Heritage status sought for Dennis Building

Province argues it will impede development of the historic downtown property.

Heritage status sought for Dennis Building
VIA HRM
The Dennis Building, pictured behind the Boer War memorial.

Halifax’s Heritage Advisory Committee voted this week to move forward with a third-party application for preserving the historic Dennis Building, going against the wishes of the property’s owner—the province.

Paul Armstrong, on behalf of the Maritime Institute for Civil Society, has applied for HRM to include the location at 1740 Granville Street as a municipal heritage property.

Last week, Halifax’s Heritage Advisory Committee agreed to move the idea forward to a public hearing.

The 155-year-old Dennis Building, located on the corner of Granville and George Streets, was constructed in 1863 to house dry goods. It was purchased by William Dennis, owner of the Halifax Herald, in 1900, and has survived a devastating fire and the Halifax Explosion.

The government of Nova Scotia eventually purchased the building for office use. In 2013, the Dennis was evacuated due to safety concerns regarding mould, although a later analysis found the mould levels were lower than what’s found outdoors.

In 2014, then-minister of Internal Services Labi Kousoulis stated the building was beyond repair and the province began a process to sell off the Dennis and the neighbouring Acadian Recorder building for redevelopment.

But earlier this year the department of Transportation and Infrastructure Renewal changed course, cancelling efforts to sell the property and instead asked five short-listed developers to submit plans for a long-term lease redevelopment. The tender issued by the province for that leased redevelopment says the building’s granite facade must be preserved.
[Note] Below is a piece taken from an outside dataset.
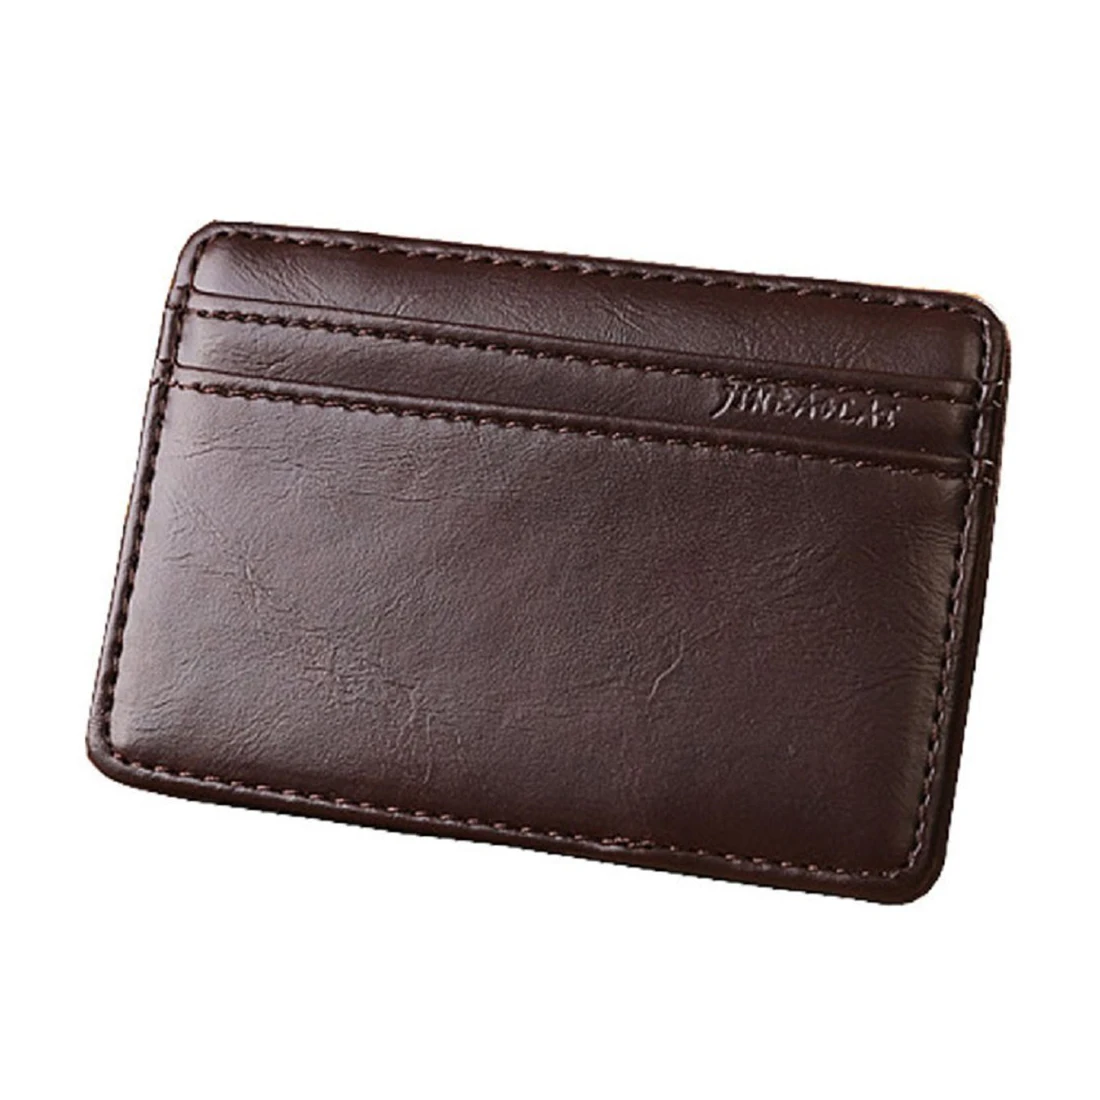 Бизнес-клубе Jinbaolai Мини Магия нейтральный двойные бумажник сумка кошелек Поддержка карт роскошные кожаные (кофе темно-)

Shannon Delbridge, executive director of public works for TIR, says a heritage designation will do more harm than good when it comes to protecting the Dennis.
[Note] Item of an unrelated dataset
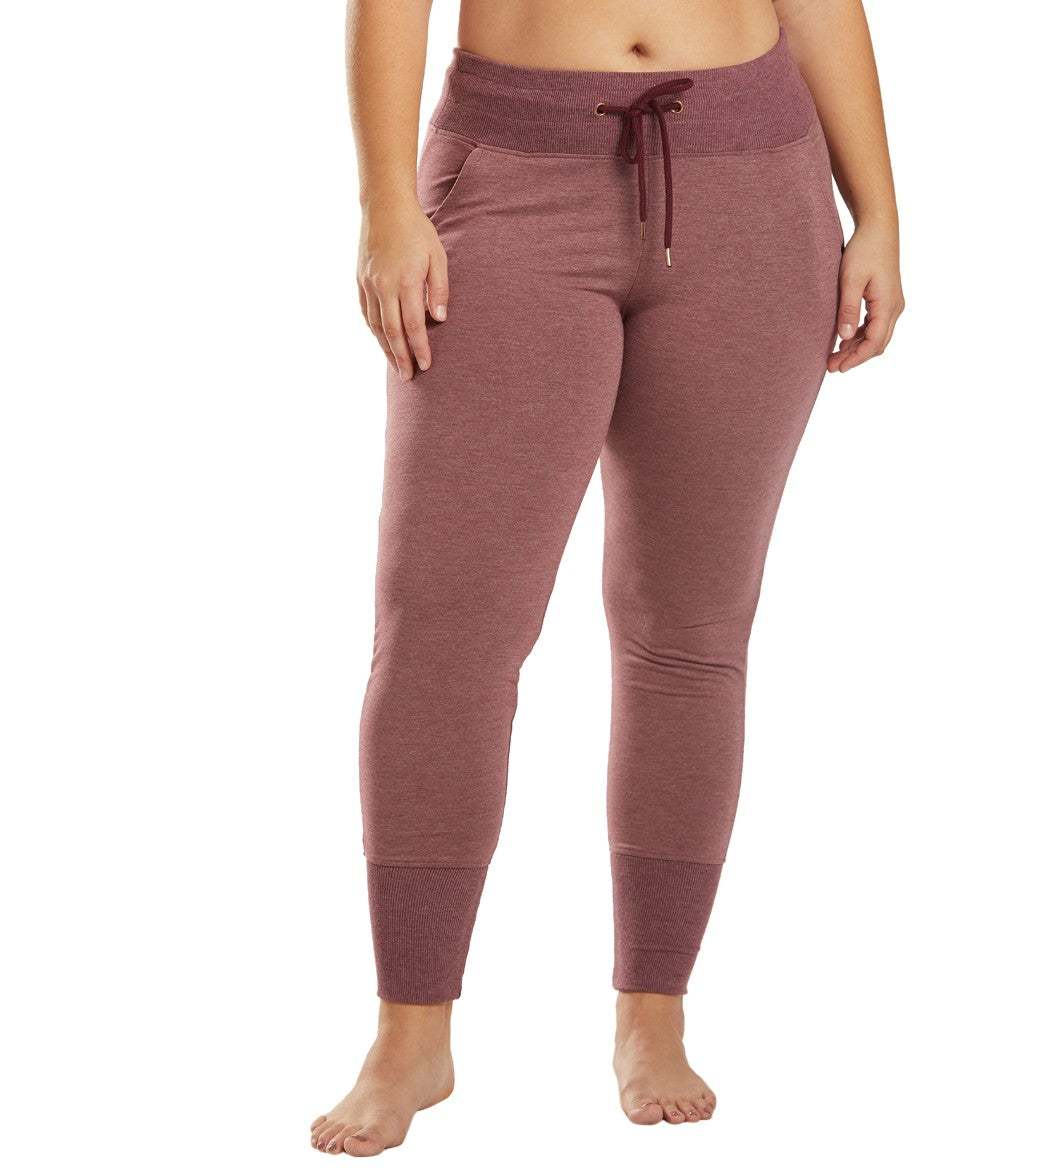 GAIAM Multi Color Purple Active Pants Size M - 50% off

“The province is making every effort to ensure that the Dennis Building retain the heritage look and feel that is appropriate for this area of Halifax,” Delbridge writes in a letter sent to HRM in opposition of the heritage motion.

Adding the Dennis to the municipal registry of heritage properties will “do no more to ensure the Dennis Building maintains its heritage character than what the province is currently doing,” writes Delbridge, “but instead will impede the development of a very important piece of the downtown Halifax core.”
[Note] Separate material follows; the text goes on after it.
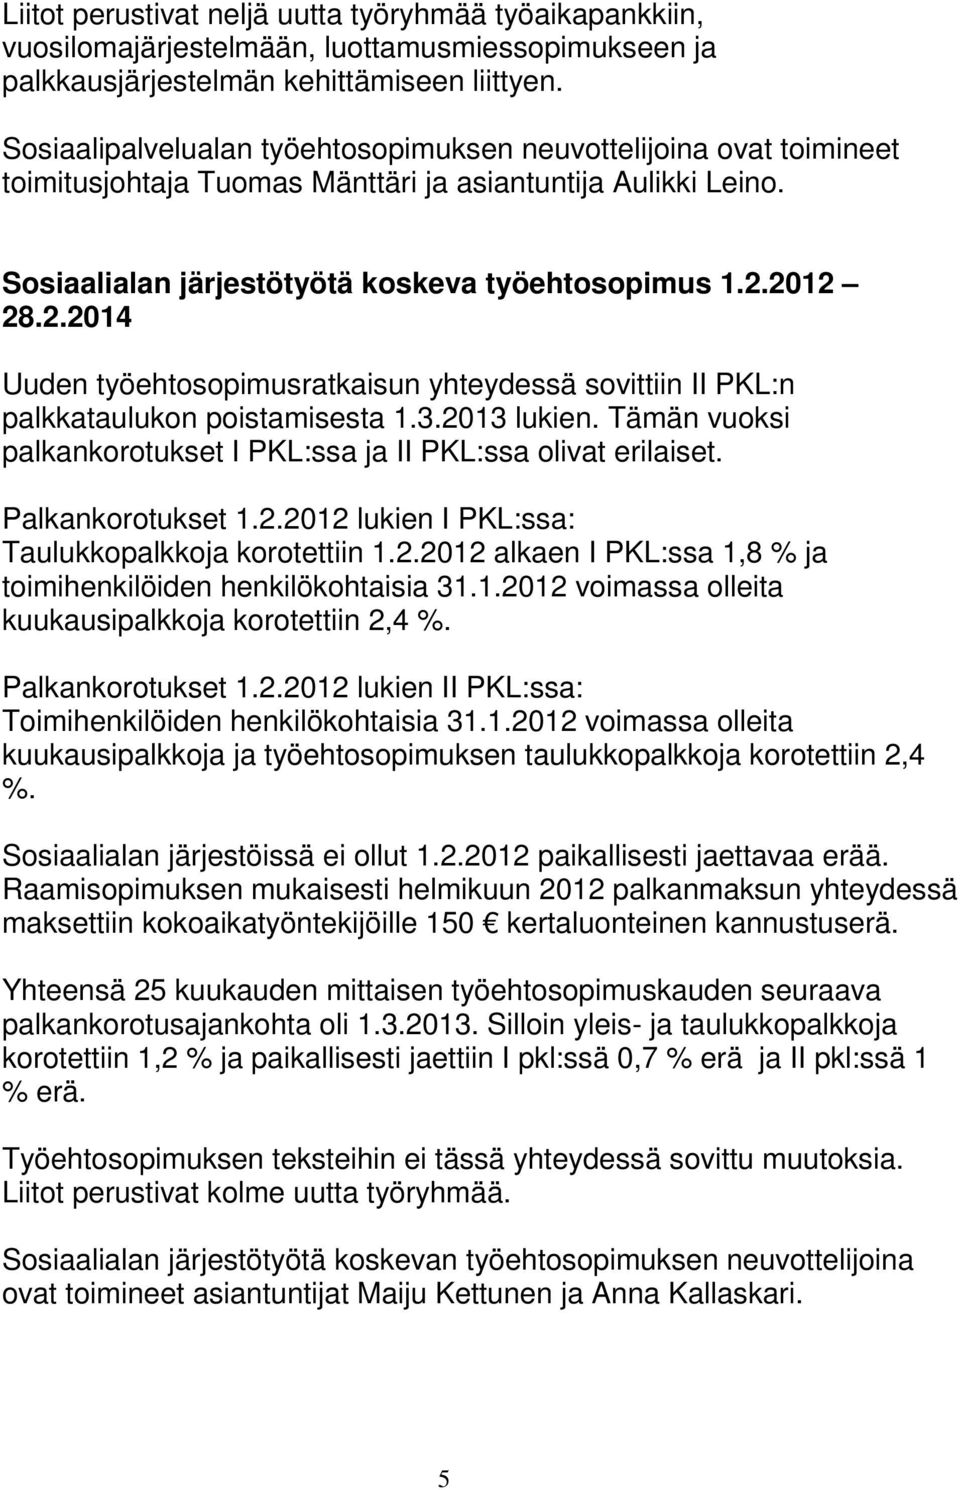 2012 28.2.2014 Uuden työehtosopimusratkaisun yhteydessä sovittiin II PKL:n palkkataulukon poistamisesta 1.3.2013 lukien. Tämän vuoksi palkankorotukset I PKL:ssa ja II PKL:ssa olivat erilaiset.

Placing a building under the Heritage Property Act is designed to help protect and conserve both it and the surrounding area while opening up new funds for renovations from the city.

Christine Macy, dean of architecture at Dalhousie University, says the upkeep that’s involved to maintain a century-old building can be difficult without heritage protection.

“If an old building has mould and rats, it is very difficult to meet the housing expectation—you often can’t,” she says. “Here in Nova Scotia, the financial supports and incentives are non-existent. There are more financial incentives to tear things down and make parking lots than there are to keep old buildings up.”
Armstrong, on behalf of the MIRCS, said in a statement to the HAC that the application is “not a matter of being anti-development at all.”

“The land beside the Dennis Building is underused right now. We don’t have any objection to there being development on that land—it’s appropriate that there’s development—but it needs to be something that’s complimentary to Province House.”

The public hearing has yet to be scheduled.